Head of Competition Litigation Kate Pollock and Senior Associate Leah Keen have once more contributed to the latest International Comparative Legal Guides (ICLG) publication on competition litigation, now in its 15th edition in 2023.

As part of their updated chapter, a claimant’s guide to recovering cartel damages in England, Kate and Leah explain the impact of recent developments in the field including the effects of Brexit and competition law reform, as well as case management of cartel damages claims.


The UK’s withdrawal from the EU

The UK left the EU at 11pm (UK time) on 31 January 2020. However, EU law and relevant Commission infringement decisions continue to be relevant for many cartel damages claims in England, as explained further below.

Legal basis of competition claims

Where the cartel conduct in a damages claim took place before 31 December 2020 (being the end of the transition period for the UK’s withdrawal from the EU), the cause of action is likely to be based on a breach of statutory duty under Article 101 of the Treaty on the Functioning of the European Union (“TFEU”). Article 101 TFEU prohibits anticompetitive agreements that have as their object or effect the prevention or distortion of competition and that affect trade between Member States of the EU. Where the anticompetitive conduct took place after the end of the transition period, claims based on a breach of Article 101 TFEU may still be brought in the English courts (provided jurisdiction can be established, as outlined above), albeit they are pleaded as a breach of foreign law. The English courts are well used to applying foreign law to some or all elements of a claim.

Where any claim is limited to conduct affecting trade and competition within the UK, the cause of action is based on a breach of UK competition law (Chapter I of the Competition Act 1998), which mirrors EU competition law but is narrower in territorial scope. These UK competition law provisions are unaffected by the UK’s withdrawal from the EU.

Follow-on/stand-alone claims – Where the Commission has “continued competence” in relation to proceedings it initiated prior to the end of the transition period, Commission decisions adopted after that date will remain binding on the English courts. It therefore remains possible to issue claims in the English courts which follow on from a decision of the Commission where the investigation was initiated before the end of the transition period. This means that follow-on proceedings based on Commission decisions will continue to be brought in the UK for a number of years to come.

Where Commission decisions fall out of the continued competence regime, claims would be brought on a stand-alone basis (i.e. where Commission decisions are no longer binding on English courts). However, it is not clear whether the burden on a claimant will become significantly higher in practice. Even in a follow-on claim relying on a Commission decision, a claimant must establish that the cartel has caused it to suffer loss. Furthermore, the English courts may still consider a finding of infringement in a Commission decision to be highly persuasive prima facie evidence of cartel conduct. There may also be no requirement for English courts to wait for the Commission decision to be made final (i.e. the time for appeals has expired or the final appeals have been heard) before making its own determination, in contrast to the position previously where claims were usually delayed or stayed pending the final outcome.
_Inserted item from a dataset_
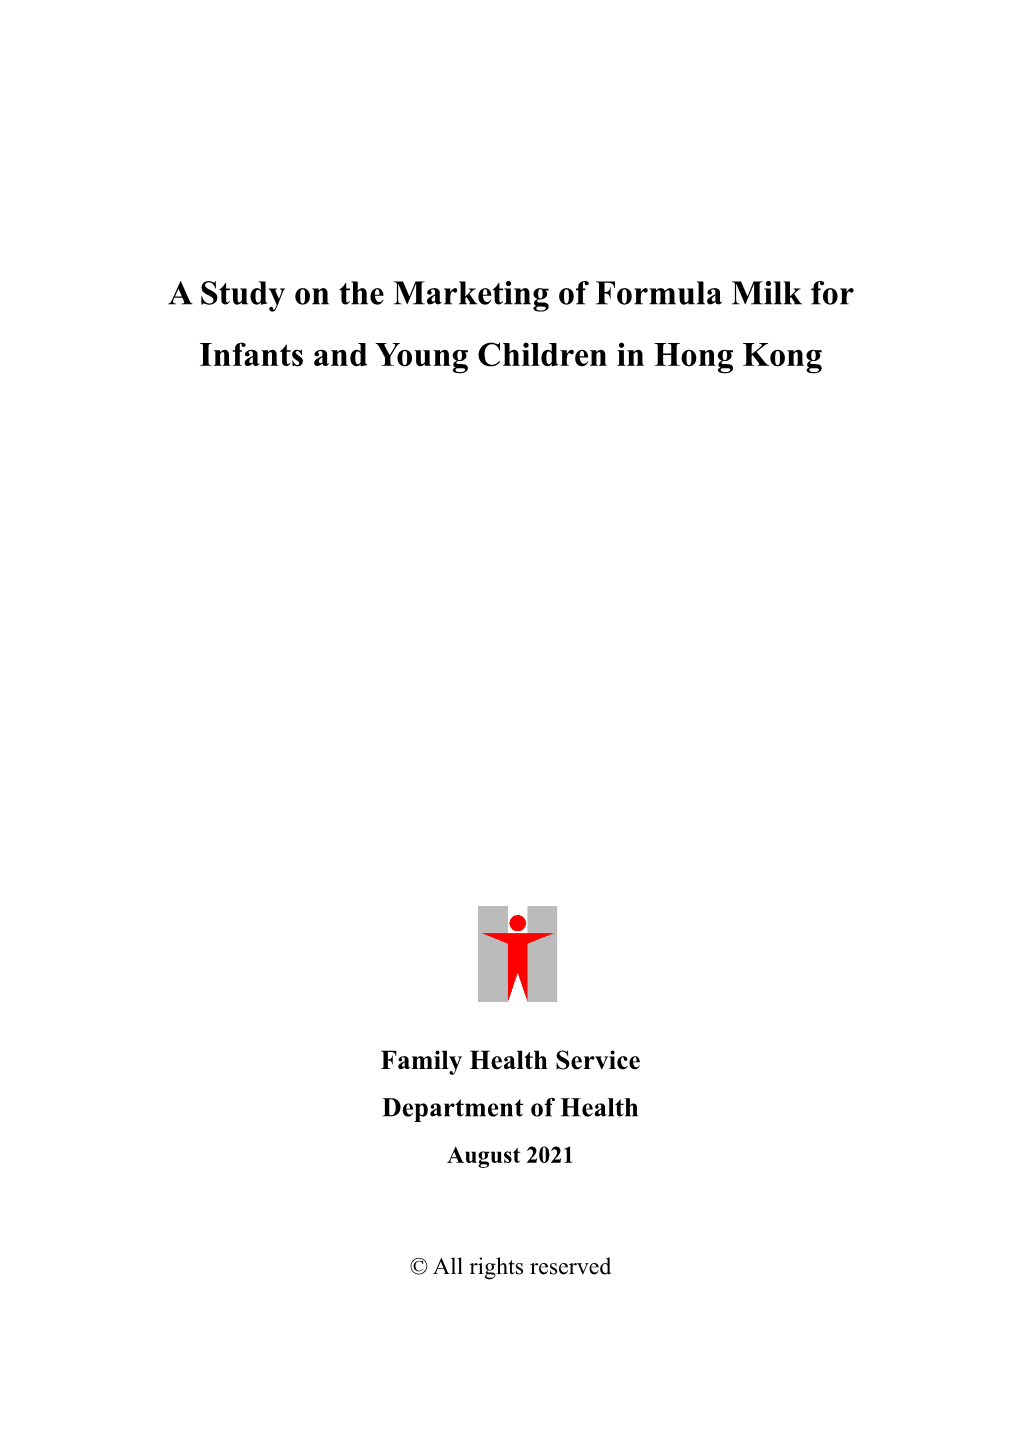 J9019 Study on the Marketing of Formula Milk for Infants and Young

Cartel damages claims are usually framed as a tort (breach of statutory duty arising from an infringement of competition law), which would not ordinarily fall within the scope of a standard contractual jurisdiction clause between the parties; this thus abstractly refers to all disputes arising from their contractual relationships. Therefore, the Hague Convention on Choice of Court Agreements (to which the UK acceded after its withdrawal from the EU) would not usually apply in competition claims.
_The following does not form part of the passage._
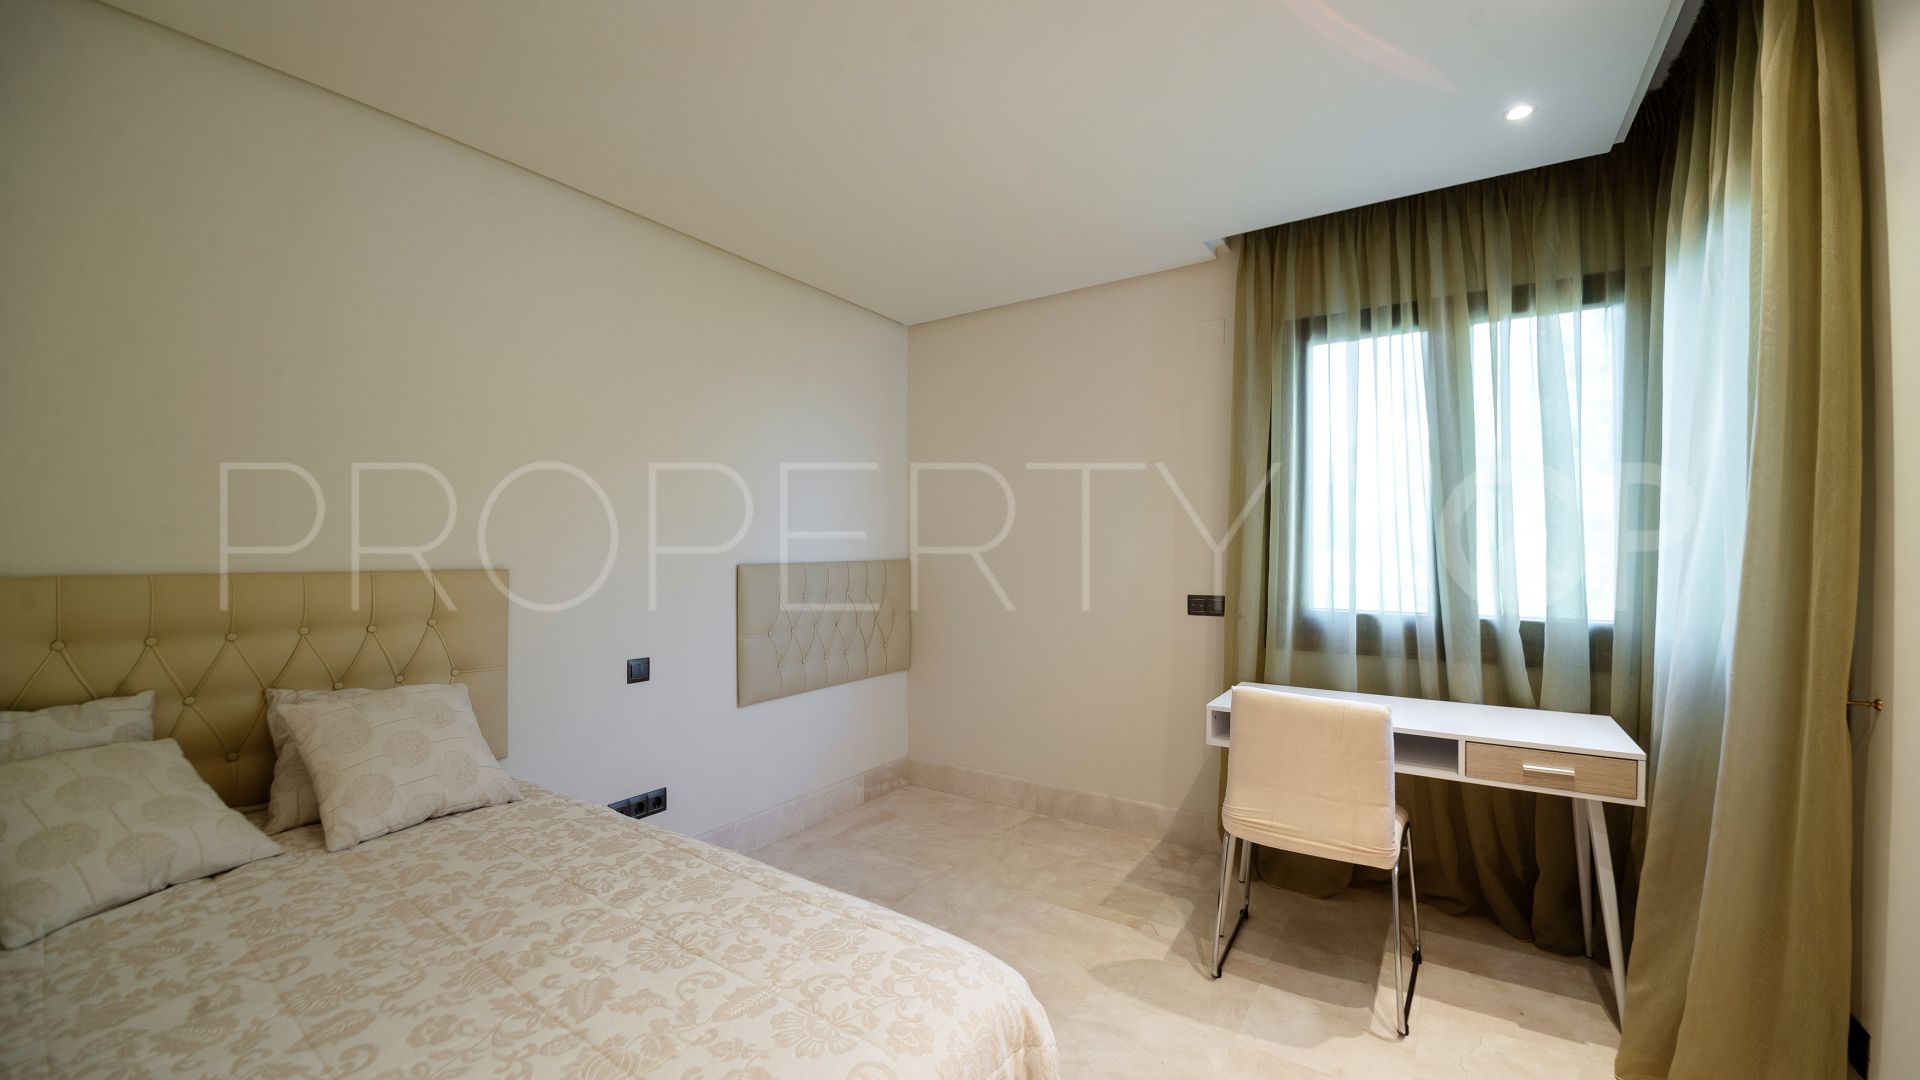 For sale apartment in Doncella Beach with 3 bedrooms

The English courts will therefore apply common law rules to determine whether to take jurisdiction over a claim, based on relevant connecting factors. These include the location of defendants, connections to anchor defendants, as well as other factors such as choice of law clauses, location of relevant events, and the likely governing law of the dispute. This involves the English courts conducting a balancing exercise and using its discretion as to whether England is the most suitable jurisdiction, when cases are presented to it.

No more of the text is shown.